Akin recommends exposing puppies to loud noises such as lawn mowers and leaf blowers. Walk your puppy on a leash near streets with loud cars or construction vehicles. These loud noises are new to puppies and can be scary. Introducing them to these sights and sounds at an early age encourages them to be brave. From that comes confidence, certainly a desirable trait in a sporting dog.
“Get your puppy used to the racket of the world,” says Akin. “Dogs that are concerned with noises and commotion aren’t focused. They’re distracted and concerned with things other than the work they have to do.”
Socializing Puppies with Older Dogs
Introducing puppies to older dogs is important, especially because they’ll interact with other adult dogs throughout their lives. Some adult dogs are tolerant and patient with highly active puppies, while others simply don’t like puppies. Properly introducing the two is important for everyone’s safety, so take it slowly and progressively.
Puppies have sharp teeth and want to play constantly. An older, chill dog may not appreciate a puppy yanking on his ears or pouncing on him while he’s asleep. An older dog is a lot bigger than your pup and can retaliate with aggression.
“Just like meeting new people, feel it out and be cautious,” explains Akin. These introductions take time, so make the introductions frequent and short in duration. Supervision is important, so start by holding your pup instead of letting him run amuck. Talk calmly to both dogs and let them sniff each other out before releasing your pup to the ground. If stress or tension comes from the adult dog, then separate the two again.
Socializing your pup with older dogs can teach him many lessons, including boundary setting. Don’t confuse an older dog nipping at a younger dog as always being aggressive. Just like a mother telling their child “no,” your puppy can learn from an older dog. When the adult dog indicates to the puppy that the puppy should stop biting his ear, it means stop biting his ear.
Crate Training Socialization
Sporting dogs will spend time in crates, for transportation, for sleeping, or for both. Crate training is important because it helps to set the standards for getting your pup on a schedule.

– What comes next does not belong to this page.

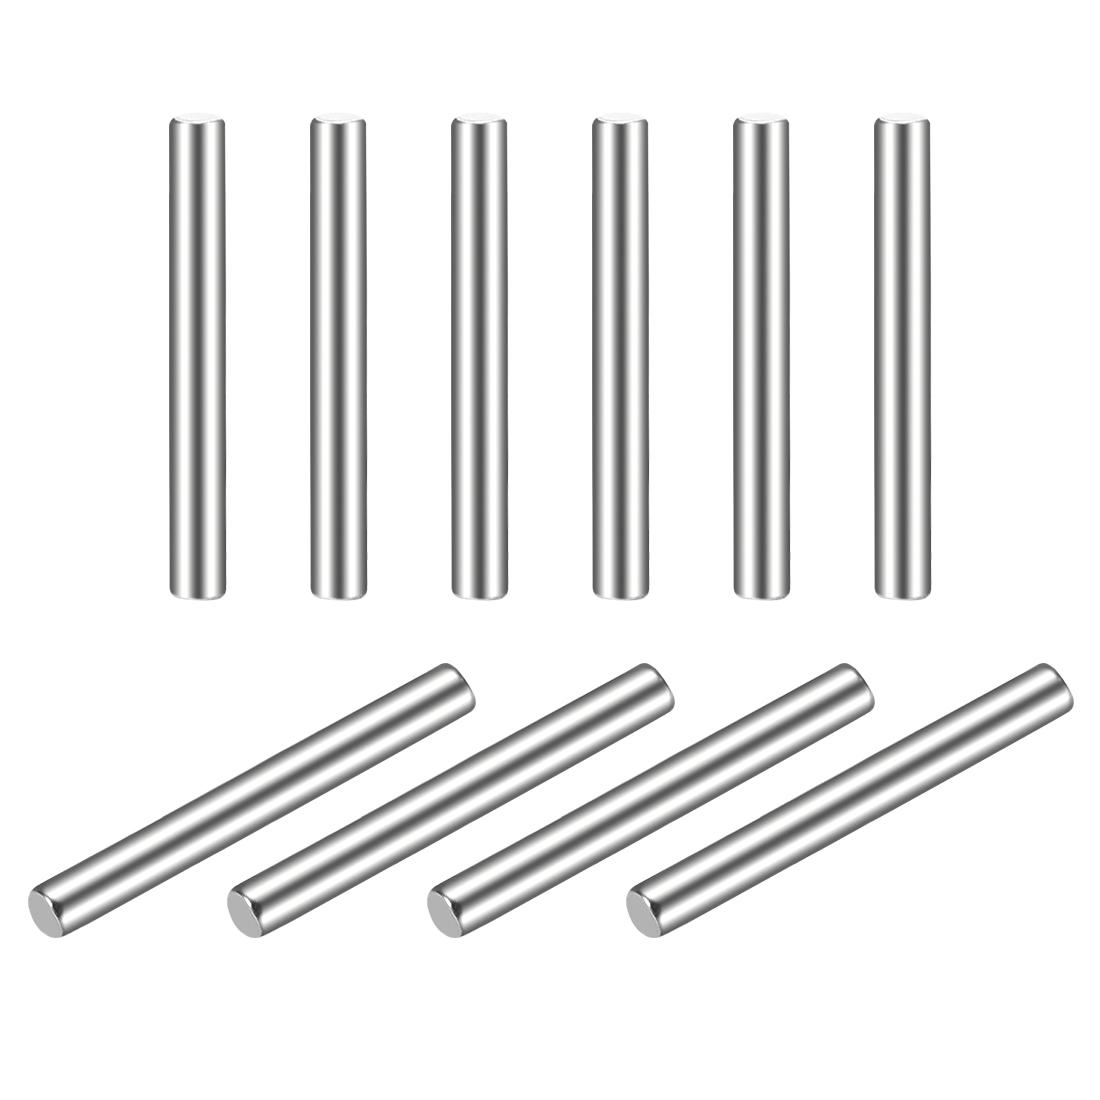 10Pcs 2mm x 18mm Dowel Pin 304 Stainless Steel Shelf Support Pin Fasten

A crate or kennel is a puppy’s home, and it helps give his mind a rest. It teaches a puppy that he won’t always have free rein. It also helps him adjust to you not always being at home or by his side.
Make the crate introduction a positive experience. Wear a T-shirt for a day so it smells like you. Then, place that T-shirt in the kennel. The puppy will associate that smell with you, and that smell will make him feel secure and comforted. Puppies love to eat, so consider feeding him when he’s in the kennel. If you place his dog bowl in the crate, he’ll learn that good things happen when he loads up.
A young pup may not like a kennel at first, and might vocalize his frustration. Whatever you do, do not reward that behavior by opening the kennel to comfort him. Releasing a barking, whining puppy from a kennel teaches him one thing: If I bark, I get let out.
Proper socialization is essential to building a confident sporting dog. It takes times and consistency. “We’re all busy. We have work, family time, activities with kids, and personal appointments,” says Akin. “But you have to be realistic when you get a puppy. If you don’t have time to properly socialize him, then it might be best to hold off on getting a new pup. Wait until you have enough free time to spend with the socializing and then the training.”